Only the
transfigured flesh, that of Jesus in front of me at
Arès in 1974, has a pure utter sight of the Whole. As for the sinful flesh of mine or yours, it
shuts me or you in; it cannot give me or you a pure utter
sight.
Only imagination enables the sinful flesh to picture
the inaccessible.
Now, imagination inseparable from the sinful flesh
is the mainspring of superstition.
This is why superstition is bound to have an active
part in a sinner, but he or she has to make it
minimum. For instance, this minimum prompts him or her to see
God as a vacuum or gap in his or her thought, at best, though
God is no vacuum or gap and fills up the whole space instead,
as he is the Being preeminently. This vacuum in man's thought
is superstitious, therefore, but absolutely
preferable to the bearded old man painted on the Sistine's
ceiling, or the host supposed to be the Church's God, or the
medals of Christopher or the Virgin, or the sign of the cross
or novenas,
You shall do away with all superstitions,
especially those that have stemmed from the malice of princes of
religion, their doctors and clerics (Rev of Arès 21/1). In
my true devotion (35/6) I have indeed done away with the
religious superstition. I have long
sliced through the rope which used to tie me to the world, the
princes of religion... I have shut the doors of the temple...

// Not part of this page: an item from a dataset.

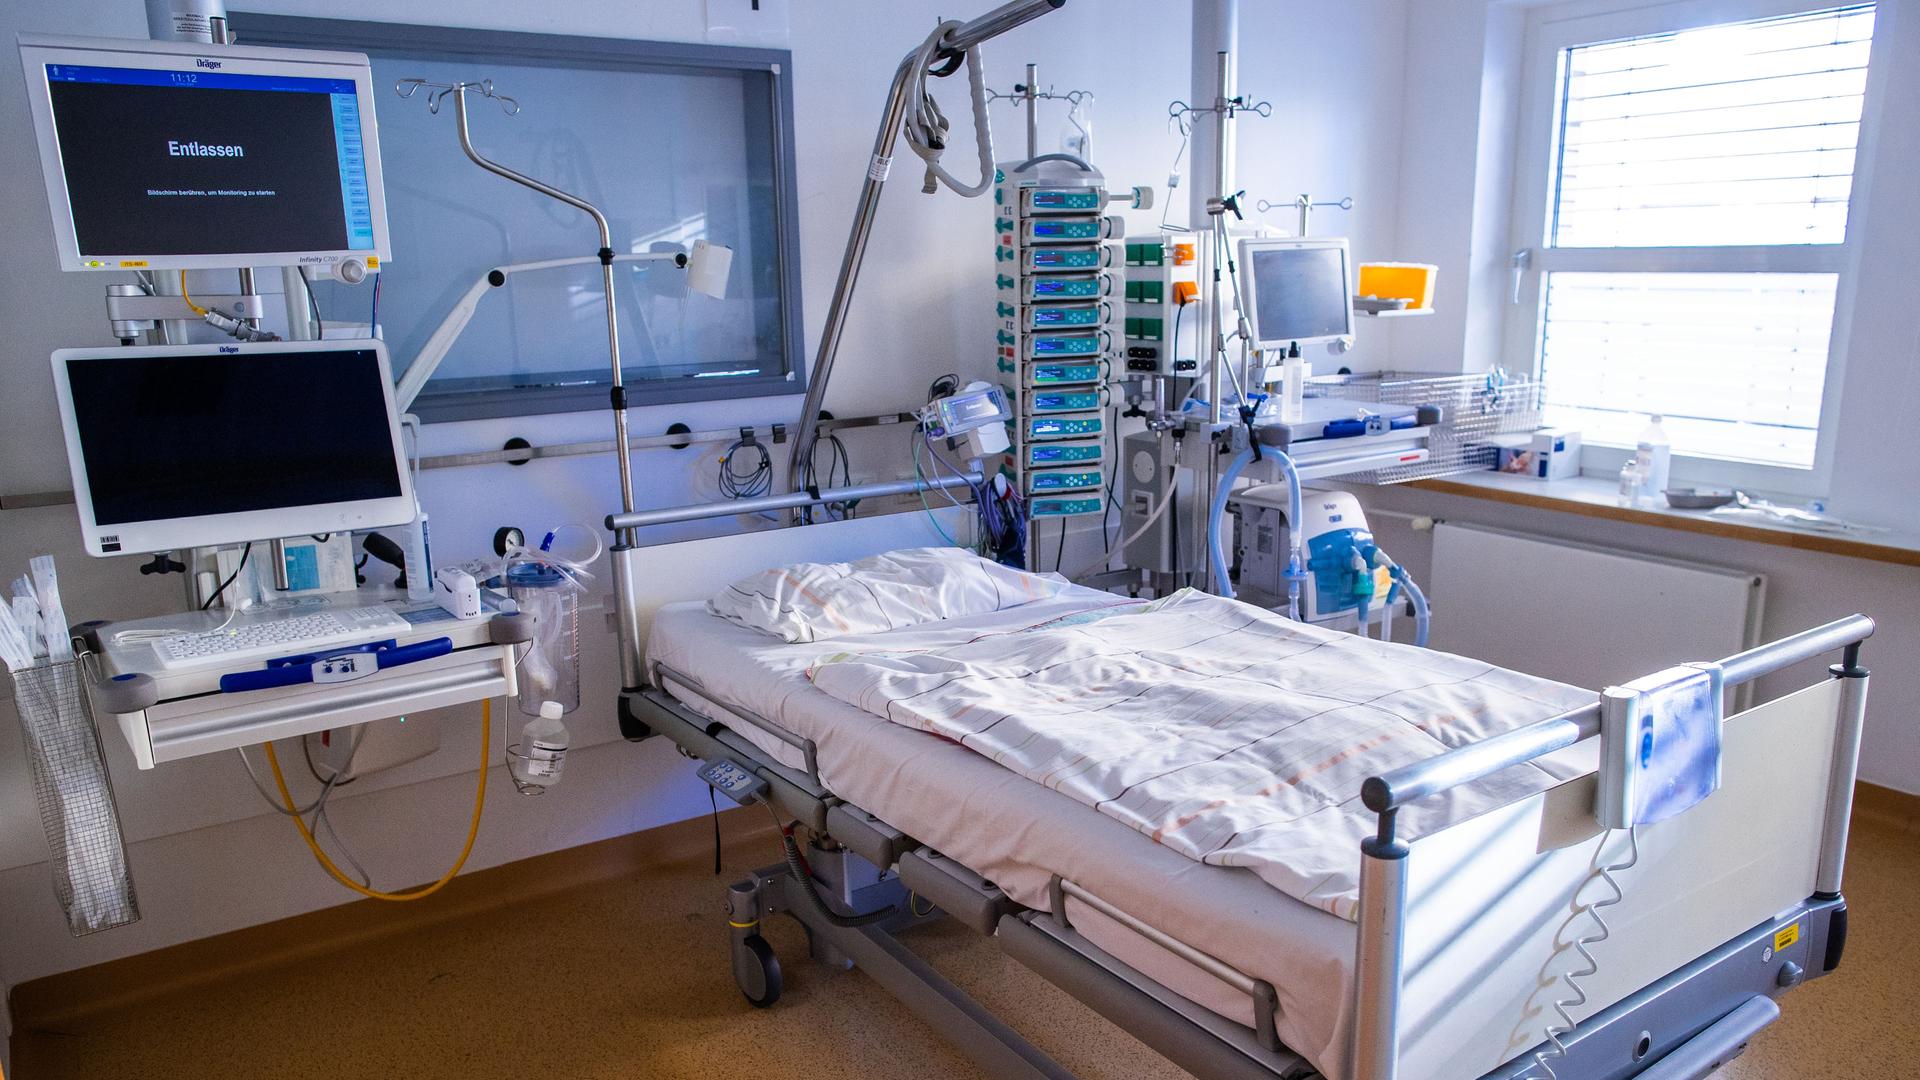 Ein leeres Krankenbett steht in einem Krankenhaus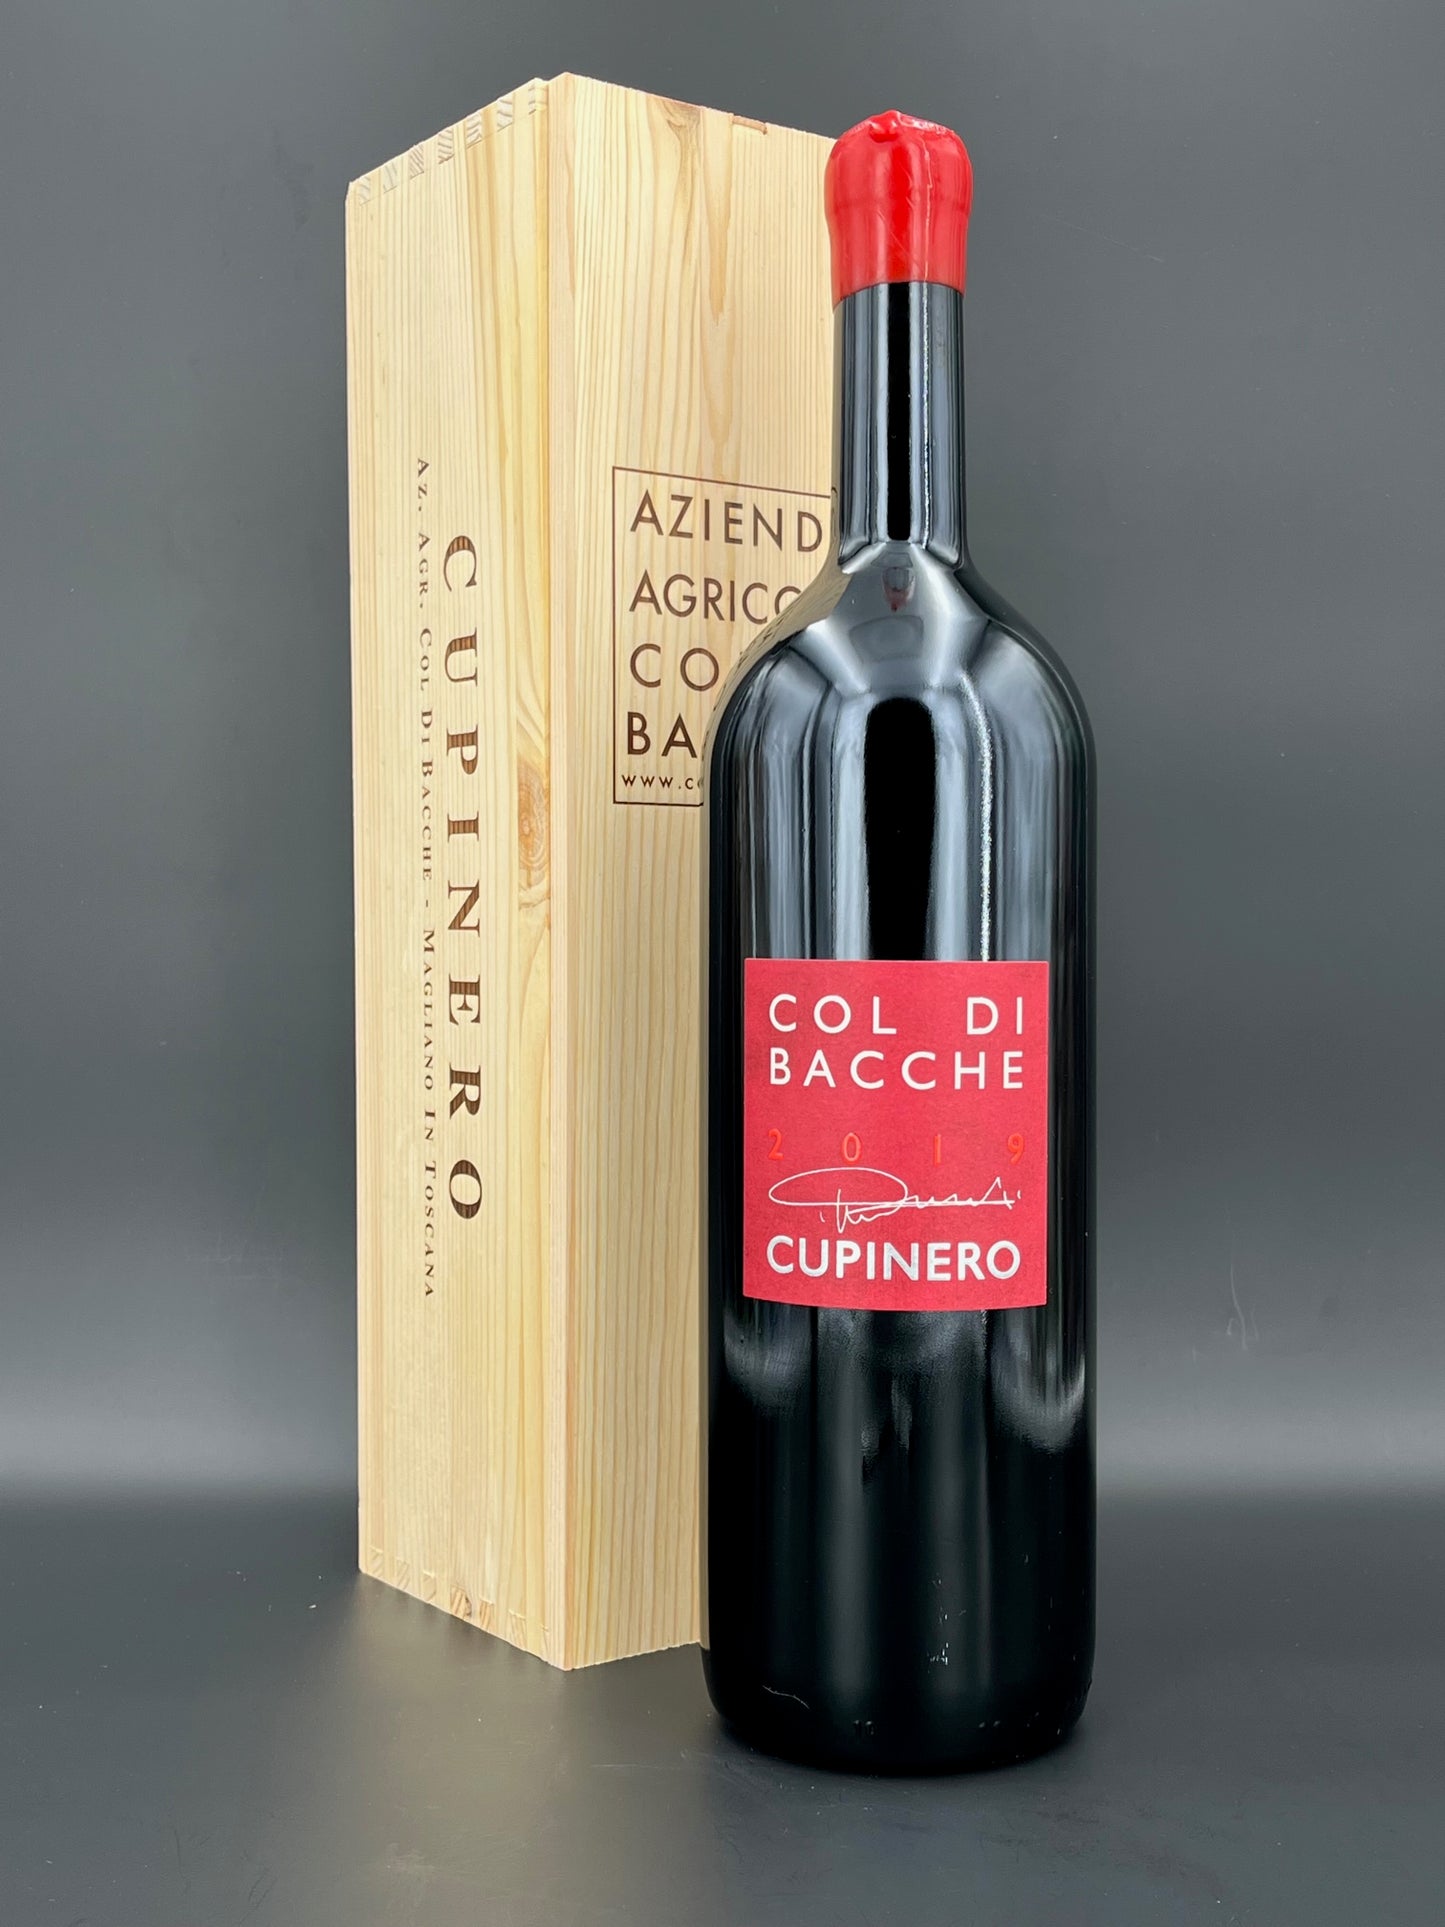 "Cupinero" I.G.T. Toscana Rosso Magnum in OHK | Col di Bacche

and then after the Father had put me up like a tower...
and I had made light of vertigo like an eagle (33/2-5), I
have opened the temple to receive the People (33/10) so
they could practice true piety (35/6) in a
nonsuperstitious spirit.
However, even though I have gone over beyond the sun
(xxii/18), this is just a first stage on the very long path
towards the Day (31/8), I keep clopping (limping)
on the bone (xxii/3-18). As I am a sinner, even
if penitence has made me much less sinful than
I was, I have remained lame spiritually, I cannot entirely drive the
idols of the mind (23/8) from my eyes or the heavy
noise in the flesh (xxxii/9) from my ears, for I have been
made of flesh, which sin has made shortsighted
and mortal, and my relation to the invisible Eternal
goes via the senses of the animal that I am transitorily.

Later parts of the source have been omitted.